Entre temps, la hiérarchie a été informée au sujet du CD-Rom. A commencer par le préfet de police Michel Delpuech qui contacte le ministre de l’Intérieur Gérard Collomb et saisi le procureur de la République, ouvrant la voie à une enquête judiciaire. Cette dernière a au passage permis à l’Elysée d’avoir un motif de licenciement pour Alexandre Benalla. L’Elysée restitue alors le CD-Rom, en le communiquant le même jour au procureur de la République, a expliqué Alexis Kohler, le secrétaire général de l’Élysée, lors de son audition au Sénat.

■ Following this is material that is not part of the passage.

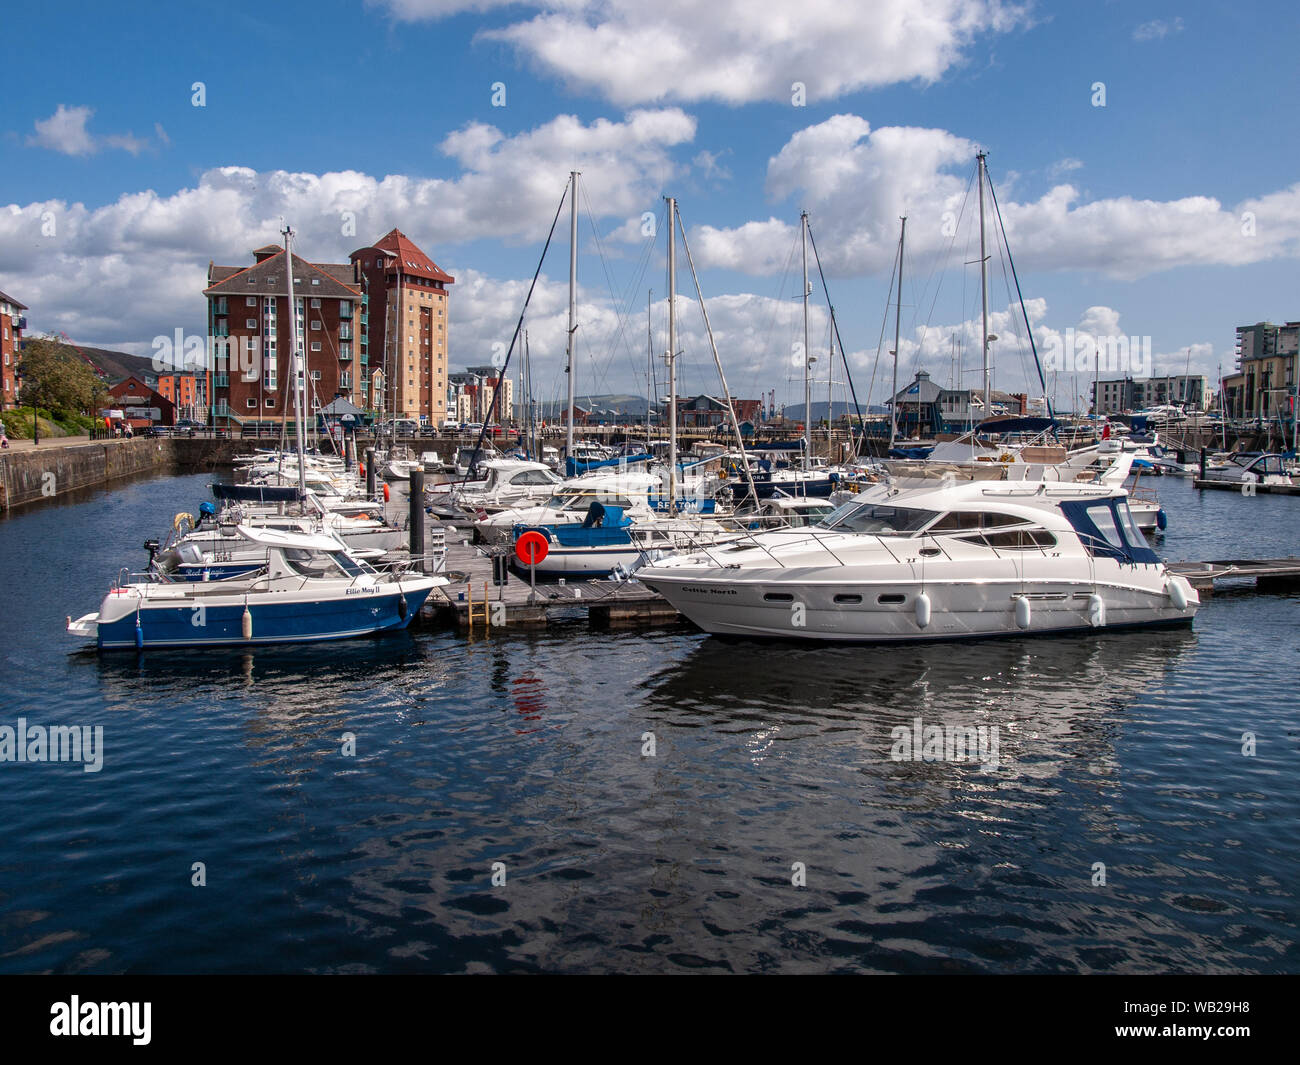 Dunstaffnage Marina Bateaux et yachts amarrés au ponton flottant. Swansea, Pays de Galles, Royaume-Uni. Banque D'Images

Les juges ont ensuite qualifié ces faits de « recel de détournement d’images issues d’un système de vidéo-protection », faits pour lesquels Alexandre Benalla et plusieurs fonctionnaires de police sont mis en examen. Pour que le détournement soit pénalement condamnable – la peine maximale est de cinq ans de prison et 300.000 euros d’amende -, il faut toutefois qu’il soit intentionnel. Alexandre Benalla insiste ainsi sur le fait qu’il n’a pas demandé d’avoir des images illégales – il ne savait pas « d’où sortait [la] vidéo ». De même, il assure lors de son audition ne pas avoir connu la nature des images du CD-Rom, tout comme, dit-il, Ismaël Emelien. Ce dernier, dont le rôle reste à éclaircir, n’est pas inquiété aujourd’hui.